/---

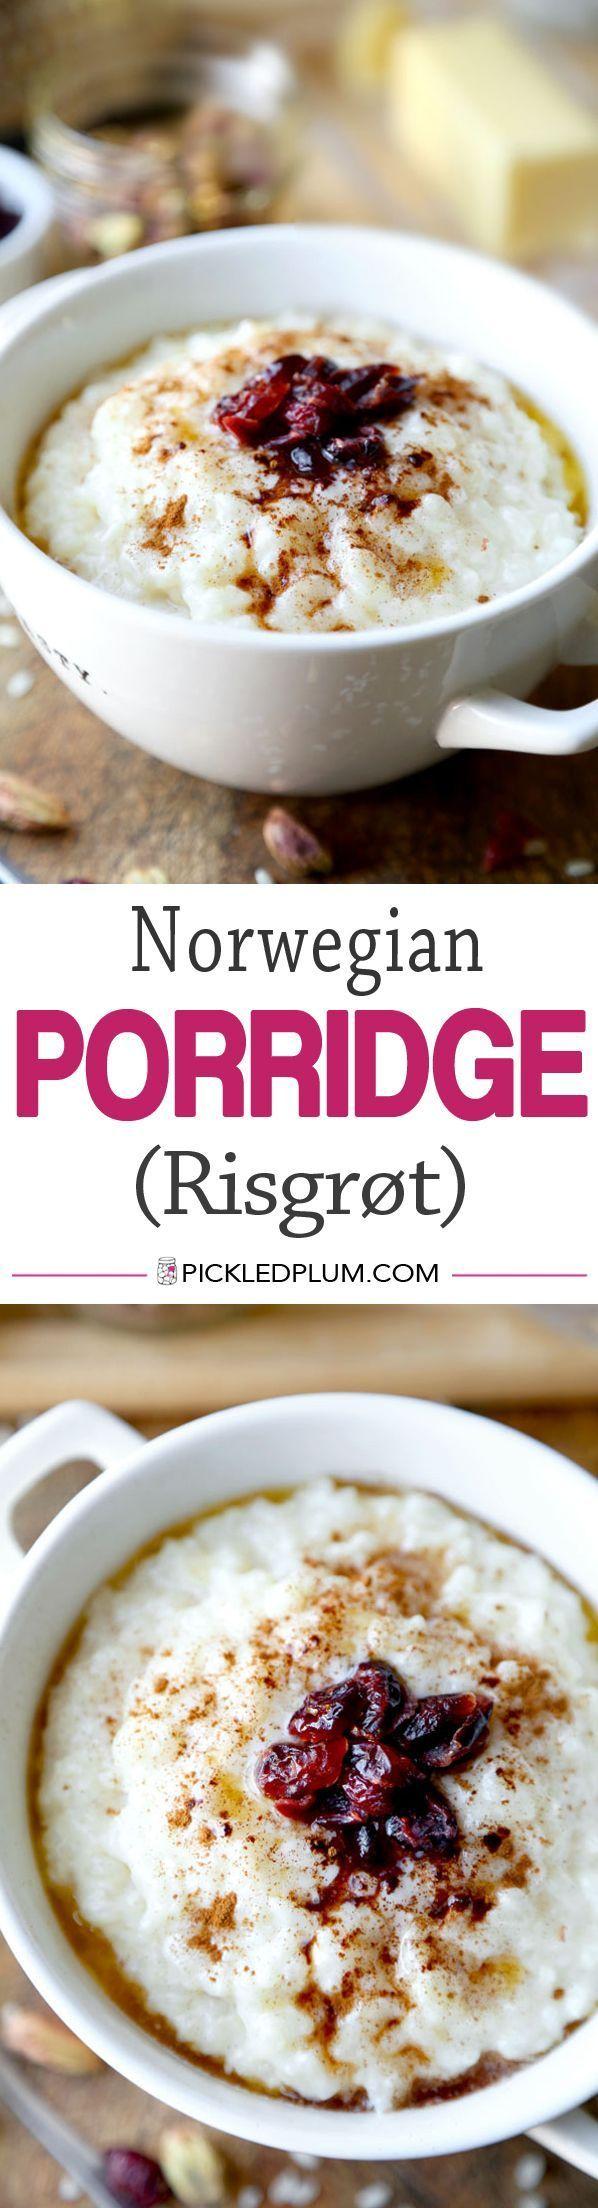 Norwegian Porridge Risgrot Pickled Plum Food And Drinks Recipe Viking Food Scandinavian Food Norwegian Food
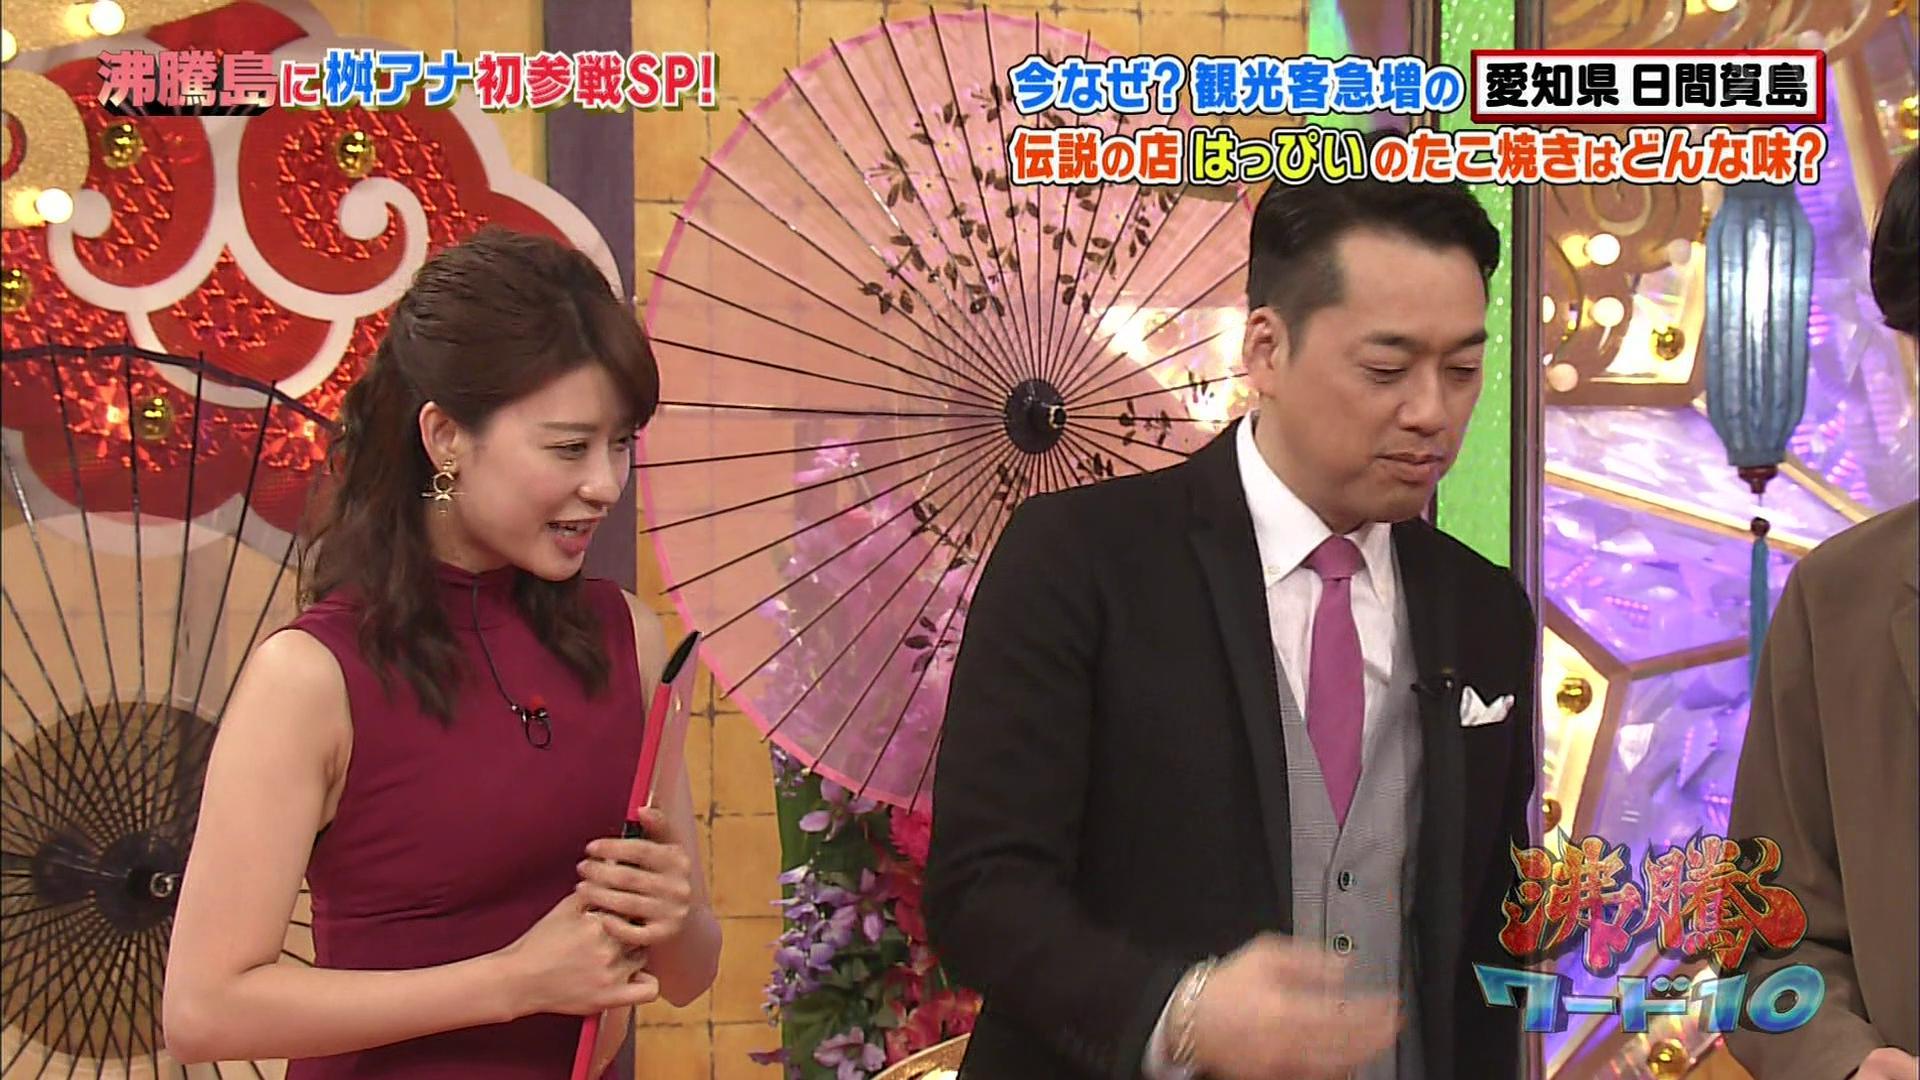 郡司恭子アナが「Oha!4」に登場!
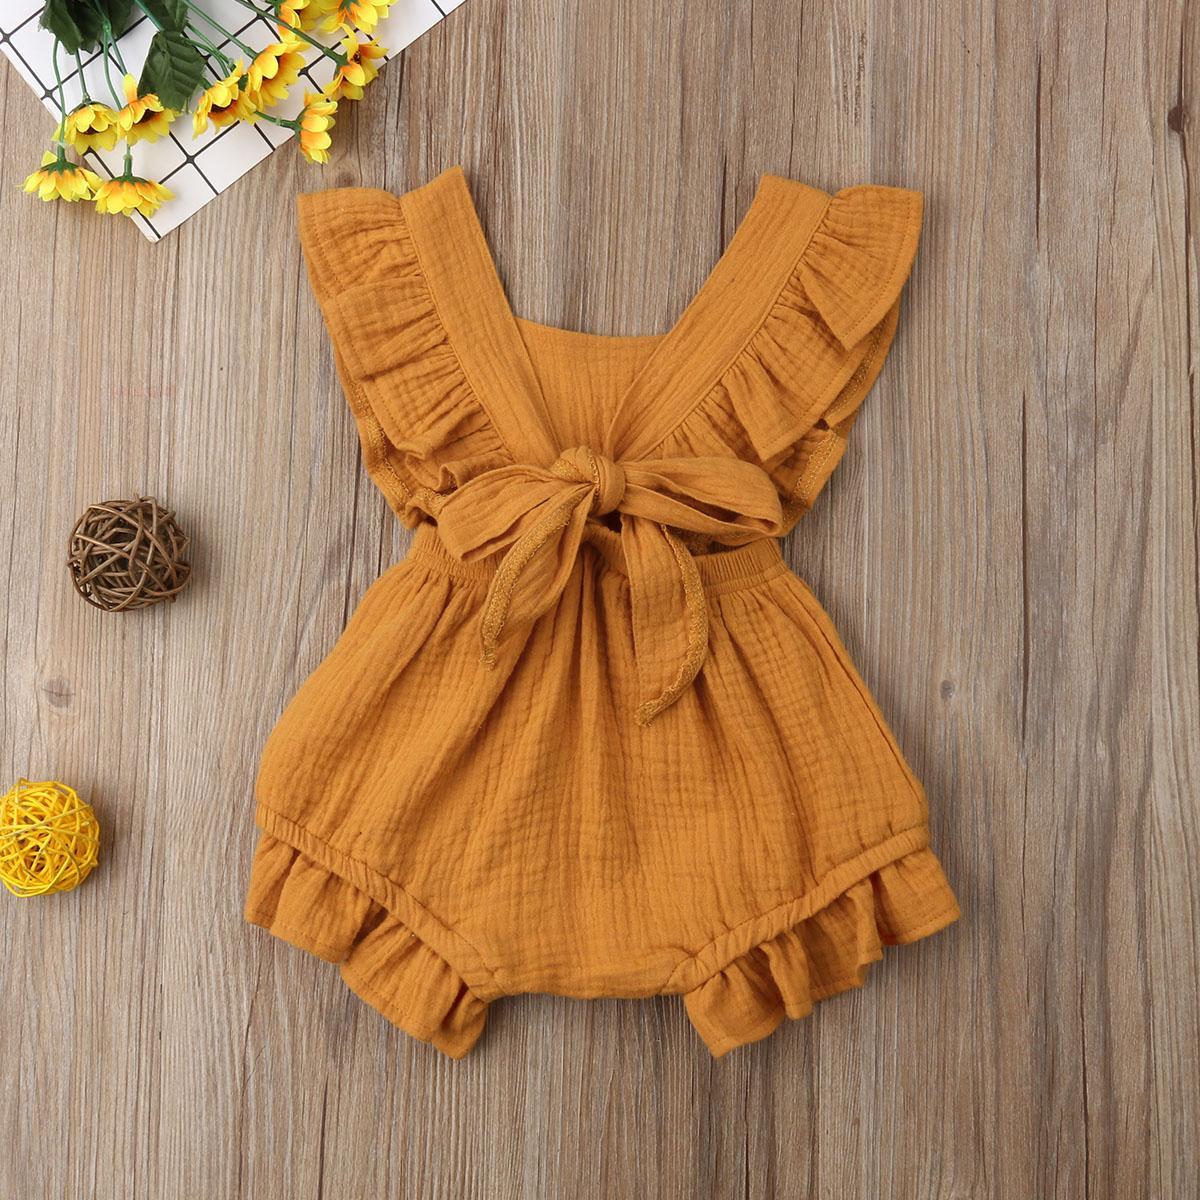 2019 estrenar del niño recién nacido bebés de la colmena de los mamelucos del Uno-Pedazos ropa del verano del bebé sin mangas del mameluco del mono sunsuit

\---

Repeat the data word for word. Images are not part of the copy.

**Answer for this exercise:**
 Norwegian Porridge Risgrot Pickled Plum Food And Drinks Recipe Viking Food Scandinavian Food Norwegian Food
 郡司恭子アナが「Oha!4」に登場!
 2019 estrenar del niño recién nacido bebés de la colmena de los mamelucos del Uno-Pedazos ropa del verano del bebé sin mangas del mameluco del mono sunsuit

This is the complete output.